C’est dans une ambiance déterminée que plus de 2 000 personnes se sont retrouvées ce jeudi soir dans la grande salle de la Bourse du Travail pour assister à l’un des meetings de Jean-Luc Mélenchon, venu apporter son soutien à la liste menée par Anaïs Belouassa Chérifi. Le tout, à moins de trois semaines du premier tour d’une élection divisée exceptionnellement en trois scrutins distincts (élection métropolitaine, municipale et d’arrondissement).
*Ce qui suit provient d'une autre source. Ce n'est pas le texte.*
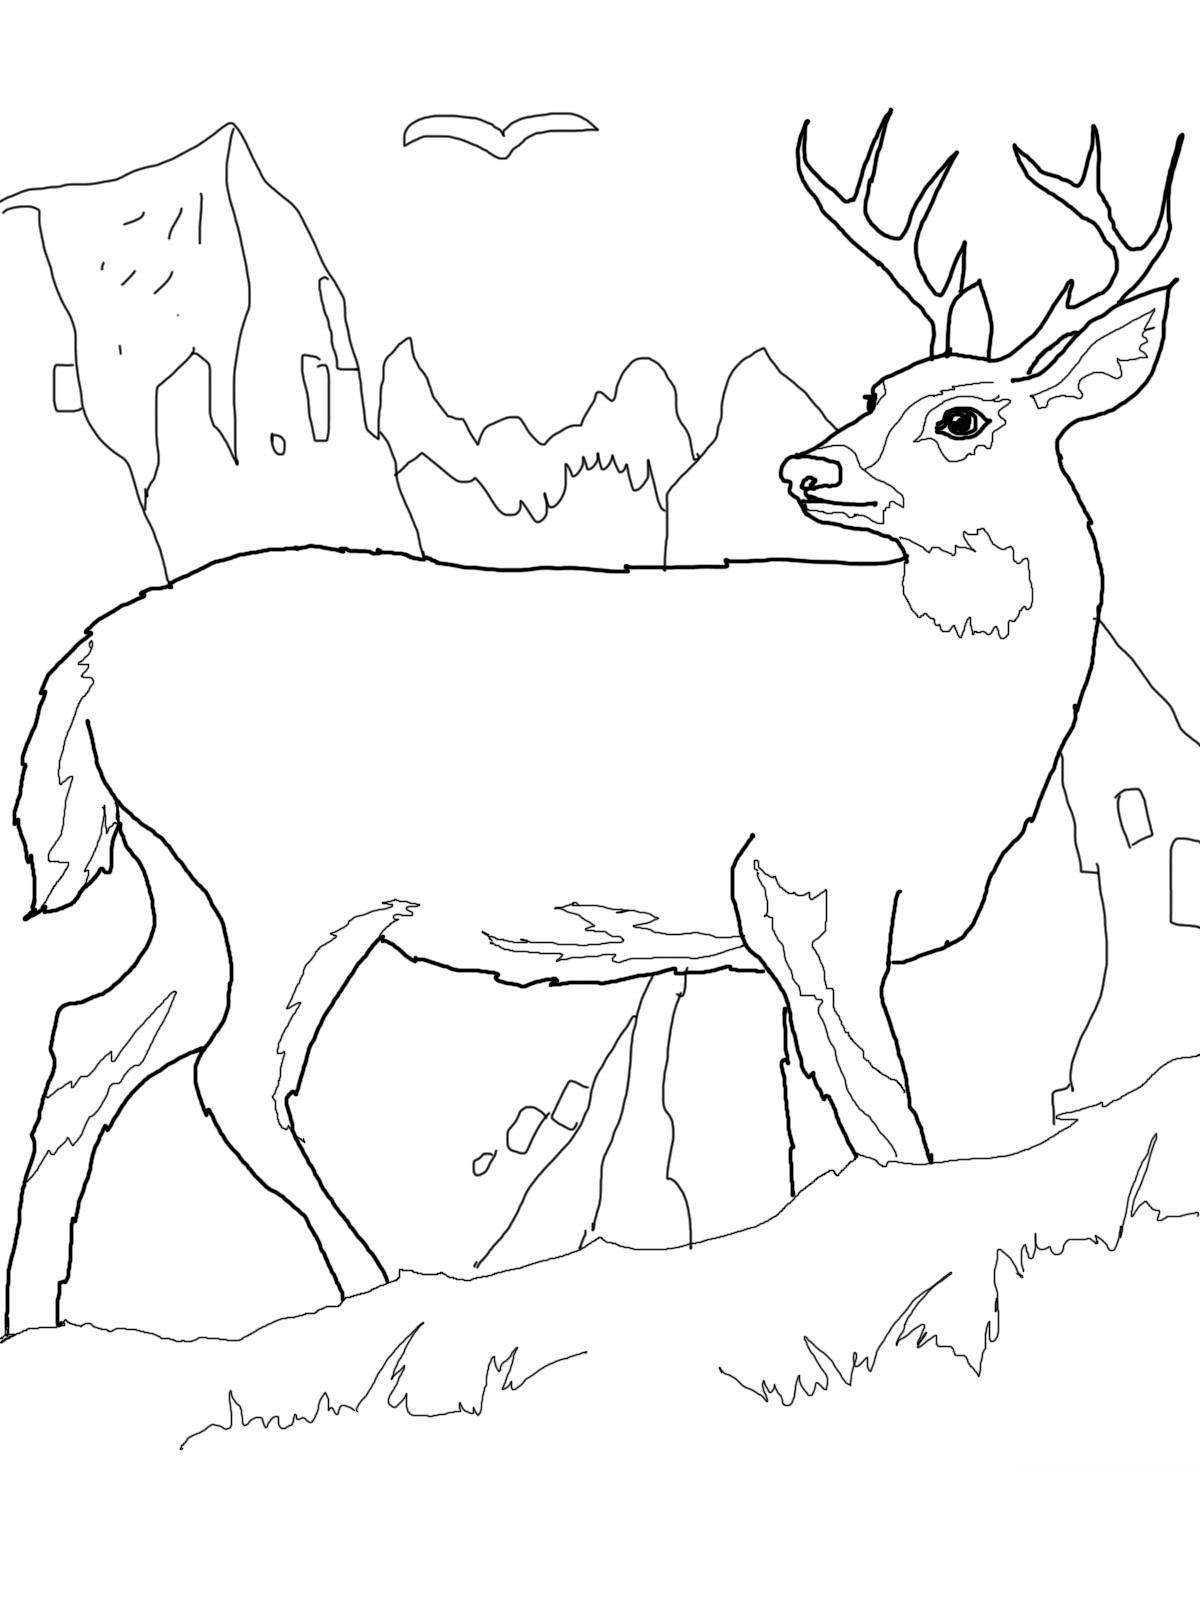 deer coloring page baby deer coloring pages printable kids colouring pages deer coloring page
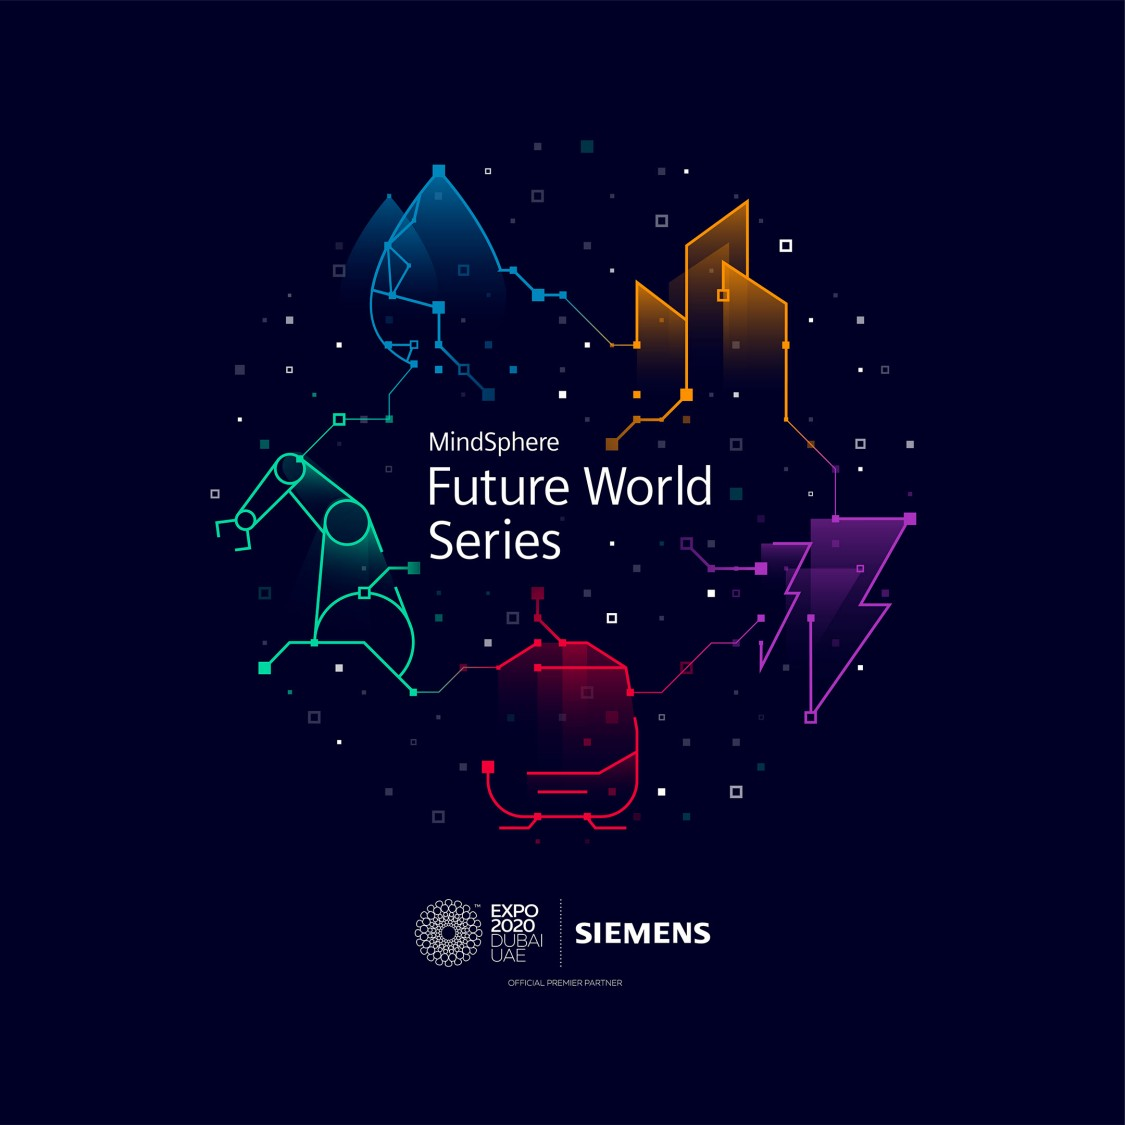 MindSphere Future World Series

Le week-end précédent, la ville a été le théâtre d’un regroupement de l’extrême droite française et européenne où près de 3 000 nazis ont manifesté en réaction à la mort du militant néo-fasciste Quentin Deranque. La manifestation, marquée par des saluts nazis, des propos violemment racistes et homophobes ainsi que des appels à la violence, visait notamment La France insoumise. Le mouvement insoumis avait rapidement demandé à ce qu’elle ne puisse pas se tenir, contre l’avis du ministère de l’Intérieur, qui a laissé une marche remplie de néo-nazis se tenir.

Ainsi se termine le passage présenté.